OPINION

Consumer safety

Half of Greek consumers prefer fresh milk, and they pay 40 percent more for it than Europeans do for pasteurized milk. Worse, according to a study that was published in the Sunday Kathimerini, «fresh milk» is often no more than a misleading commercial slogan. No one can be absolutely sure that locally produced «fresh» milk is, in fact, better than pasteurized milk produced abroad. Nor can one say with certainty that milk sold as having been produced in Greece has not been mixed with foreign imports. Greek consumers, in other words, are held hostage to an astonishing degree of uncertainty regarding a basic consumer item. And this constitutes just one aspect of people’s wider uncertainty about everything they eat and drink. The average Greek, a city dweller, knows nothing about life on the farm and has lost touch with nature. When it comes to food products, Greek consumers appear to be virtually uninformed.
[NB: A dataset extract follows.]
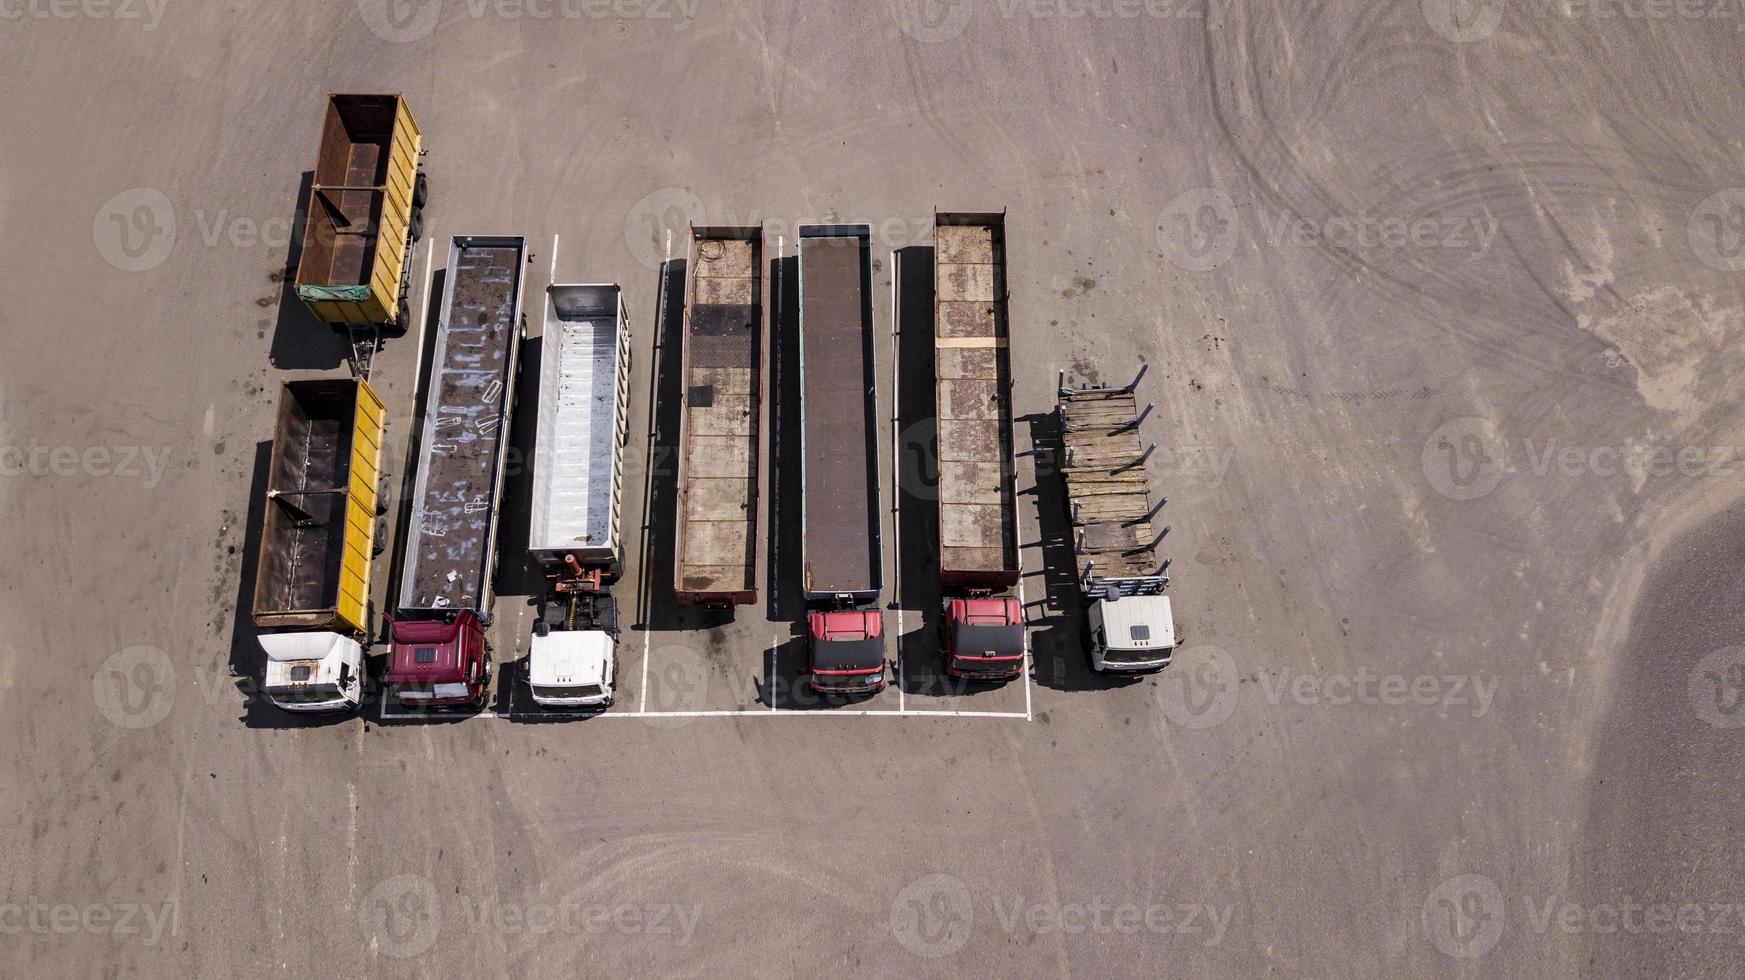 vrachtwagens staan op een rij parkeerplaats - bovenaanzicht vanaf de drone foto

Moreover, they find themselves overwhelmed on a daily basis with scaremongering or alarming sound bites from local and foreign media, whether concerning microbes, genetically modified products, animal diseases, pesticides or pharmaceuticals. And on top of all this is frequently misleading labeling. Urban consumer behavior in our country has reached a point where it is necessary to increase the need for systematic controls that can ensure a minimum of health and safety standards and the proper labeling of content and origin. It is a welcome sign that Greece is finally taking steps in the area of food control after years of neglect, during which unscrupulous producers were left largely unchecked and paltry penalties were imposed on violators. This won’t be an easy task for the state apparatus; but it is a vital one if we are to make progress in increasing public safety and in the fight against illicit profiteering. The public itself must take steps to improve the level of consumer organizations so that their complaints can make a difference. Producers must also join hands. In a society where food is turning into an industrial product, the food industry has to accept its share of legal and social responsibility, whether in dealing with food or manufacturing. State controls must aim at consolidating this sense of responsibility so that lawbreakers suffer hefty penalties while responsible producers are rewarded with consumer preference.